As we know, Kubernetes is an open source container cluster management system, which has developed rapidly and has become the most active container orchestration system.

Architecturally, the components of Kubernetes can be divided into two parts: Master and Node, in which Master is the brain of the whole cluster, and Master is responsible for all the choreography, scheduling, API access and so on.

Specifically, Master includes the following components:

Etcd holds the state of the entire cluster.

Kube-apiserver provides a unique entry for resource operations and provides mechanisms such as authentication, authorization, access control, API registration and discovery.

Kube-controller-manager is responsible for maintaining the state of the cluster, including the controller of many resources, and is the brain that ensures that the Kubernetes declarative API works.

Kube-scheduler is responsible for resource scheduling and dispatches Pod to the corresponding Node according to the predetermined scheduling policy.

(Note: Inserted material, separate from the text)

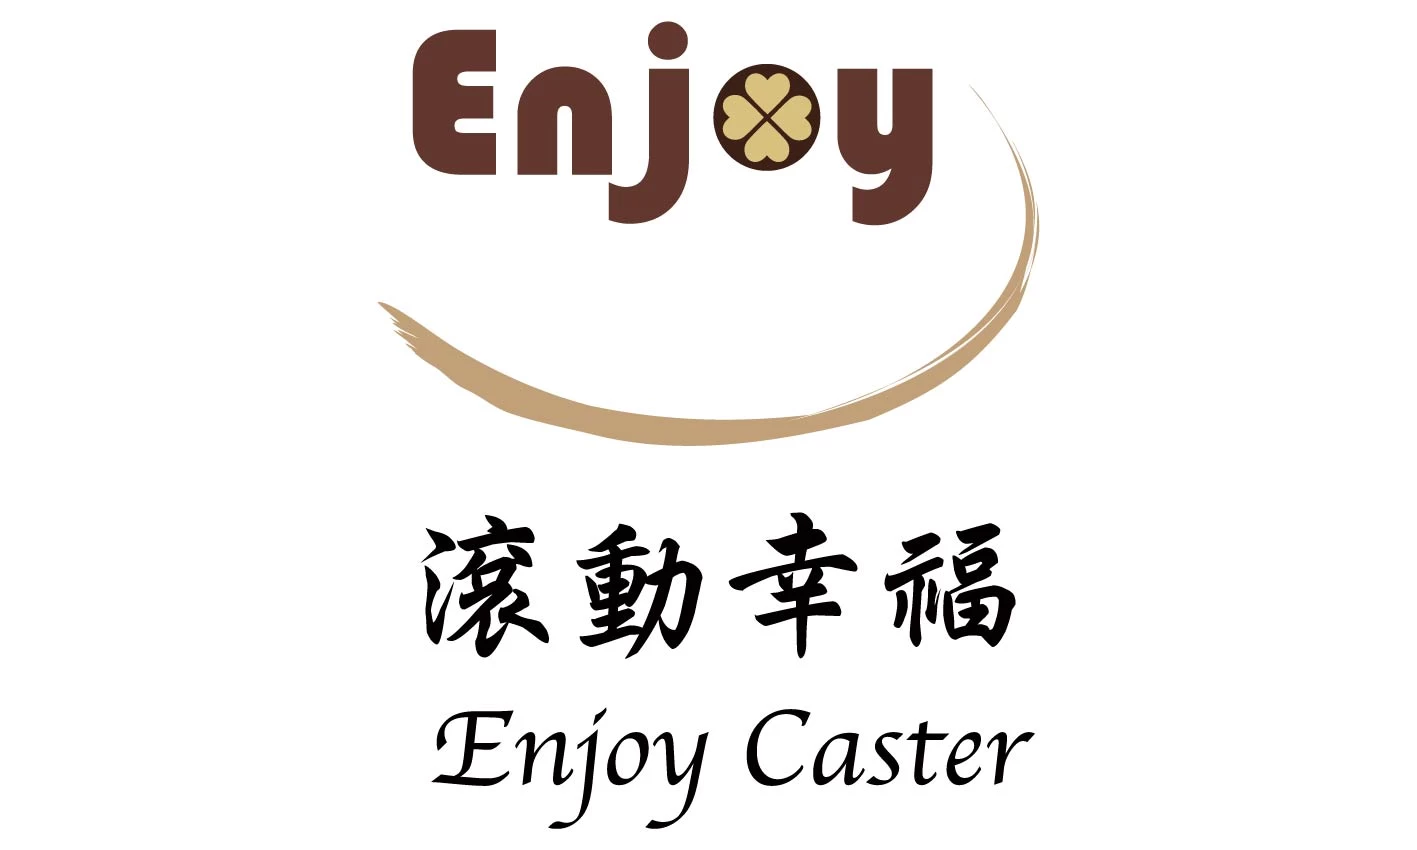 enjoycaster logo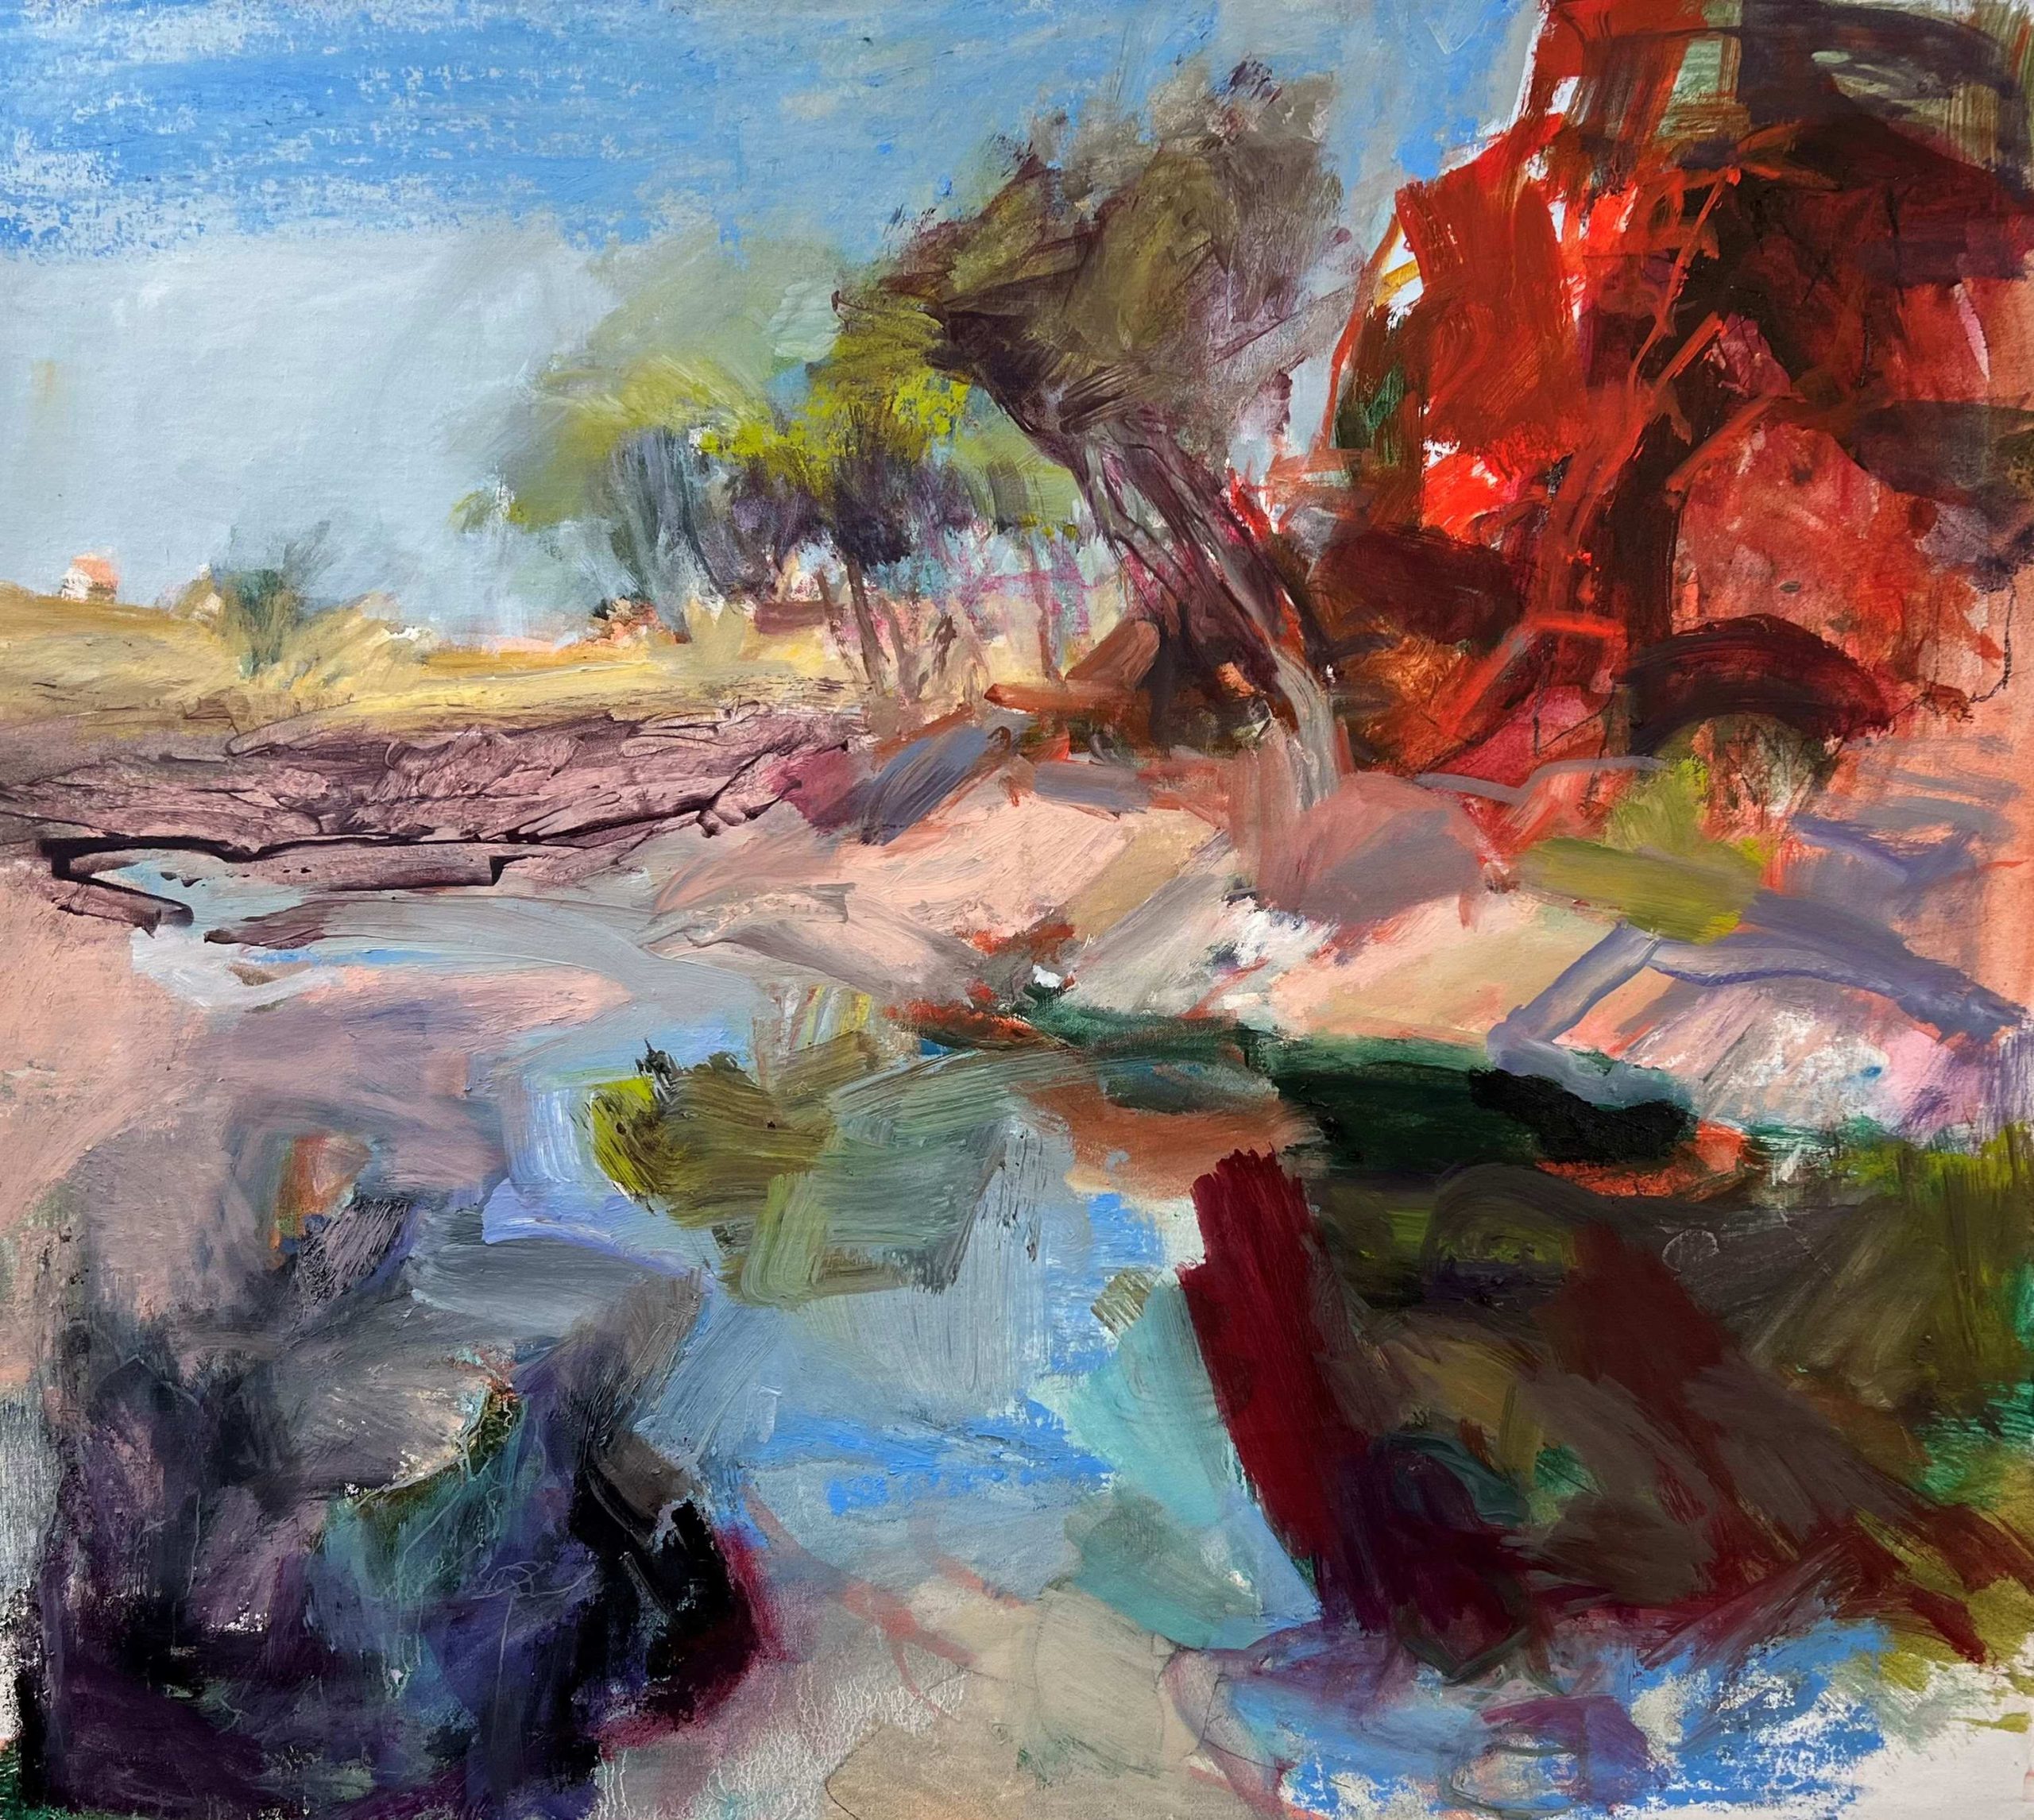 Kerry McInnis 'Desert Pool' oil on canvas 50 x 56cm $4,500 SOLD

On the other hand, Node is responsible for running specific containers and providing necessary functions such as storage and network for containers:

Kubelet is responsible for maintaining the life cycle of the container and is also responsible for the management of Volume (CSI) and network (CNI).

Container runtime is responsible for image management and the actual operation of Pod and containers. The default container for Kubelet is Docker.

Kube-proxy is responsible for providing Service with service discovery and load balancing within cluster.

Network plugin is also responsible for configuring the network for the container based on CNI (Container Network Internface).

In addition to these core components, Kubernetes certainly contains a lot of rich features, which are deployed through Addon. For example, kube-dns and metrics-server are deployed in the cluster as containers and provide API for other components to call.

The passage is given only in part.